In July 2010, it was reported that 1,000 Royal Marines were expected to leave and be redeployed to central Helmand by the end of 2010. Fox told MPs that UK forces had made "good progress" in Sangin, but the move would enable Britain to provide "more manpower and greater focus" on Helmand's busy central belt, leaving the north and south to the US. "The result will be a coherent and equitable division of the main populated areas of Helmand between three brigade-sized forces, with the US in the north and the south, and the UK-led Task Force Helmand, alongside our outstanding Danish and Estonian allies, in the central population belt," he told the House of Commons.

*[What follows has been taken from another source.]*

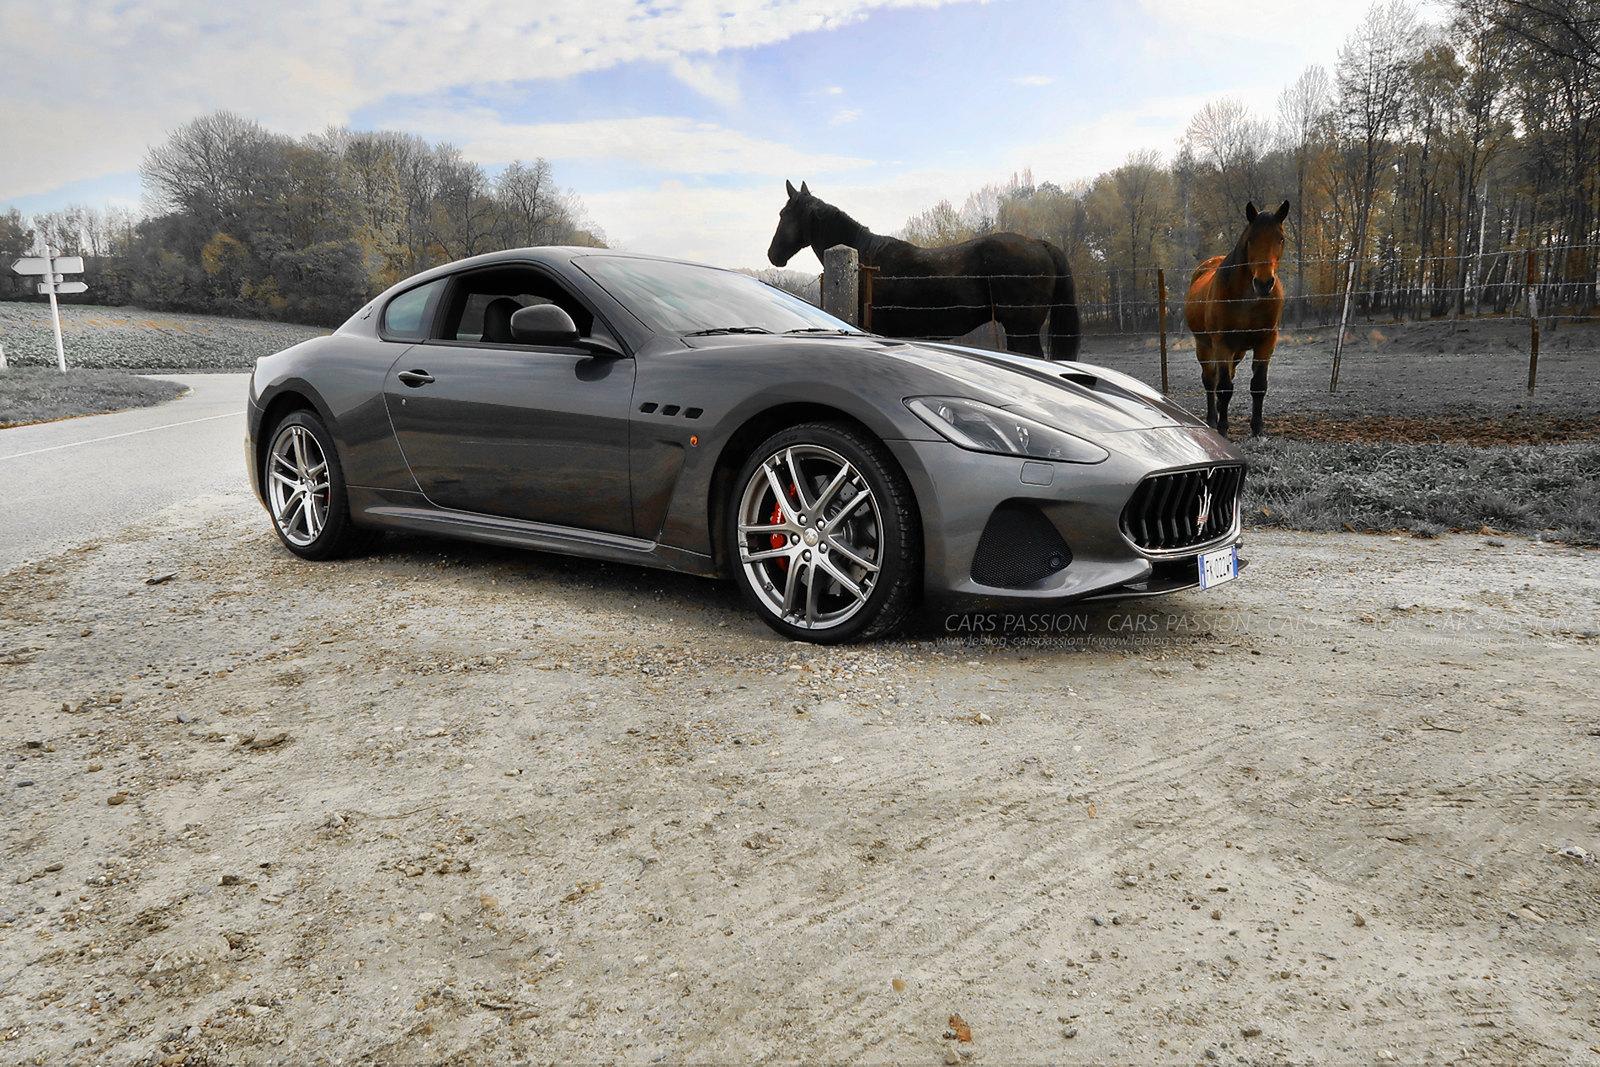 Journée essai gamme Maserati
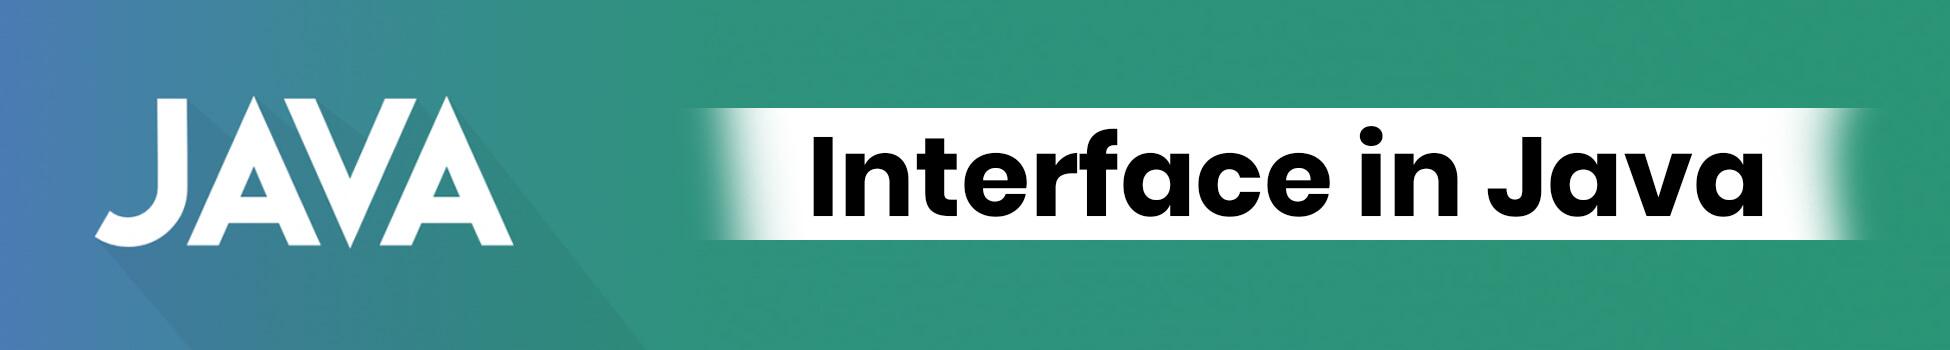 https://www.study24x7.com/article/377/interface-in-ja...

On 19 July 2010, Fox said that within four years the Afghan army and police should take responsibility for security, leaving British troops to work only as military trainers. The date is a full year earlier than the deadline suggested by David Cameron this month, who said he wanted most troops back by 2015. Fox said: "It has always been our aim to be successful in the mission and the mission has always said that the Afghan national security forces would be able to deal with their own security by 2014. We recognise that there will be further work to do in terms of training and improving the quality of those forces beyond that, which is why we have said training forces may be available after that date. But we have made it very clear that that will not be combat forces."

===NATO===

Liam Fox meeting with General McChrystal in Kabul, Afghanistan in July 2009

He has very strong Atlanticist views. He believes that NATO is the cornerstone of the United Kingdom and Europe's defence and that NATO must have primacy over the European Union including the right of first refusal for all matters relating to the defence of continental Europe. He has been critical of the common funding mechanism within NATO and has called for a system to be used that allows for more proportionate burden sharing between NATO member states for NATO led military operations.

===European Union===

He is considered to be staunchly Eurosceptic and opposed to European defence integration as well as European political integration. He is opposed to the European Commission having any role in defence policy. He believes that the European Security and Defence Policy duplicates and takes away scarce national resources from NATO.

===Abortion===
Fox is critical of abortion and has called for "huge restriction, if not abolition" on the UK's "pro-abortion laws". In an interview with Morgan and Platell, Fox elaborated on these views, stating that he would "like to see [abortion limits] brought down...well below 20 weeks; I'd like to see us look at limits more akin to some of the European countries at 12 or 14 weeks."

He went on to state that "a society that actually aborts 180,000 unborn children every year is a society that needs to be asking a lot of questions about itself. For me, it's a simple personal belief. It says, "thou shall not kill", it doesn't say, thou shall not kill unless Parliament says it's OK. For the same reason I'm against the death penalty. However, I do accept...that if the majority of the population decide that it's something they find acceptable, I've got to live with that. But I'm not going to be quiet and I'm not going to pretend that my views are other than they are for the sake of political convenience."

===Military welfare===
Fox has stated on a number of occasions that the Military Covenant is broken and that the British Armed Forces are being asked to do too much for what they are resourced to do.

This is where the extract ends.